Worldwide comparisons

Comparable inaccuracies or questionable assertions happen in CTIA’s claims and commissioned analysis centering on comparisons with different markets, particularly China, but in addition Europe.

As an illustration, only a few international locations have allotted the three.3-3.4GHz vary to MNOs, with even fewer actively utilizing it for full-power unique use. In China, this band is particularly allotted for low-power indoor use, by way of network-sharing preparations between China Unicom, China Telecom & China Broadcasting Community.  That is in stark distinction to how CTIA characterizes its use.

Certainly, when CTIA commissioned AnalysysMason to have a look at 3-7GHz mid-band allocations for cellular in 2022, it didn’t distinguish between high-power nationwide licenses and low/mid-power licenses for shared native or non-public community use. AnalysysMason famous  “totals embody spectrum that’s obtainable in a number of international locations for personal 5G use. Particularly, a number of regulators in Europe have put aside spectrum particularly for personal 5G networks”. But subsequent feedback by CTIA have missed that caveat, and simply assumed it was all equal to auctioned, unique use bands, which is most undoubtedly not the case.

CTIA member AT&T has additionally individually claimed in its current CBRS NPRM feedback that “many international locations have assigned or deliberate to assign a big, contiguous swath of three GHz spectrum for cellular broadband, together with Japan (3.4-4.1GHz), the UK (3.4-4.2GHz), France (3.4-4.0GHz), South Korea (3.4-4.0GHz), and Australia (3.4-4.0GHz)”.

That is improper for a number of international locations – once more, it’s combining regular unique, nationwide high-power assignments with native shared-spectrum allocations for personal networks and neighborhood FWA networks. As an illustration within the UK, 3.4-3.8GHz is allotted for nationwide MNO use, however 3.8-4.2GHz falls beneath the “Shared Entry Licence” framework for low/medium energy deployments on a location-by-location foundation. In France, the three.8-4.0GHz vary is at present utilized by about 90 non-public networks on a trial foundation. Australia has native “Space Vast Licenses” within the 3.75-3.95GHz vary, for enterprises similar to mining and remote-area neighborhood FWA broadband.

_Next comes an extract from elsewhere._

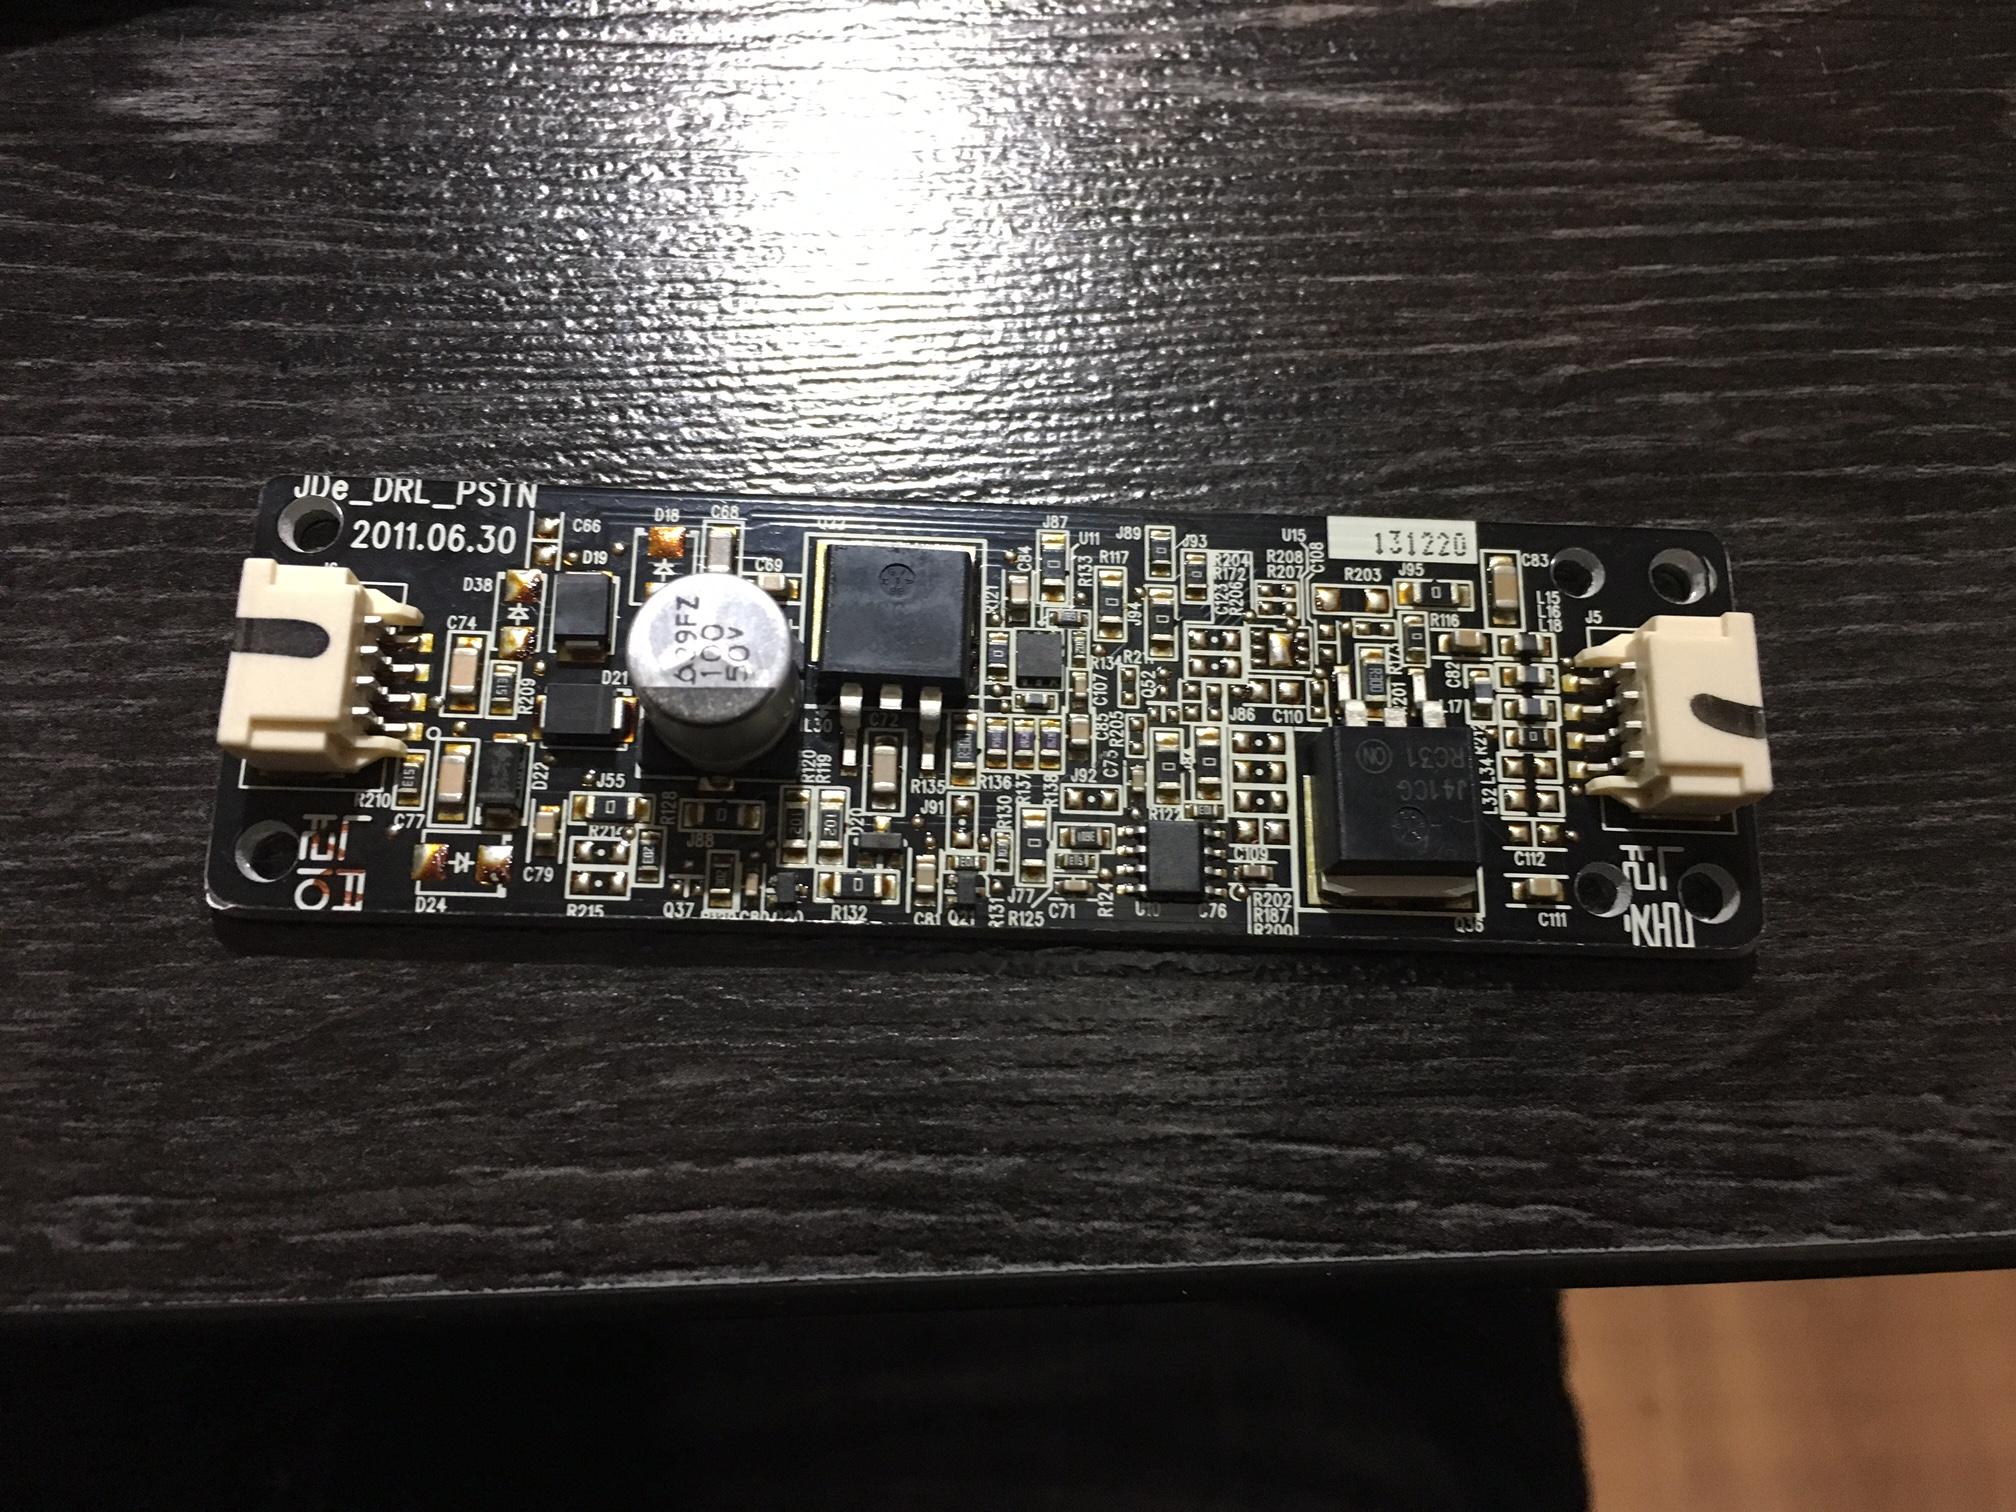 Kia Ceed Led Does Not Work Burnt Inverter

In different phrases, CTIA and AT&T are mockingly and unwittingly advocating for some good coverage positions right here; a spotlight by governments on enhancing indoor protection by way of network-sharing and impartial host fashions could be very sensible. And the provision of as much as 400 megahertz of native, shared spectrum for personal 5G, specialist suppliers, or neighborhood FWA in some markets is considerably extra bandwidth than that obtainable from CBRS within the US.

Conclusion

CTIA’s argument that the US lacks adequate mid-band spectrum for cellular operators’ 5G networks is deeply flawed. It undercounts current US allocations, particularly within the 2.5GHz vary that its personal member T-Cell usually identifies as mid-band. And its worldwide comparisons incorrectly embody quite a lot of low-power and shared spectrum when including up different international locations’ allocations to unique high-power licenses.

In abstract, plainly CTIA must revisit its definitions, assumptions and comparisons. It should discover that the US has loads of mid-band spectrum, even whether it is at present distributed inconsistently between its members.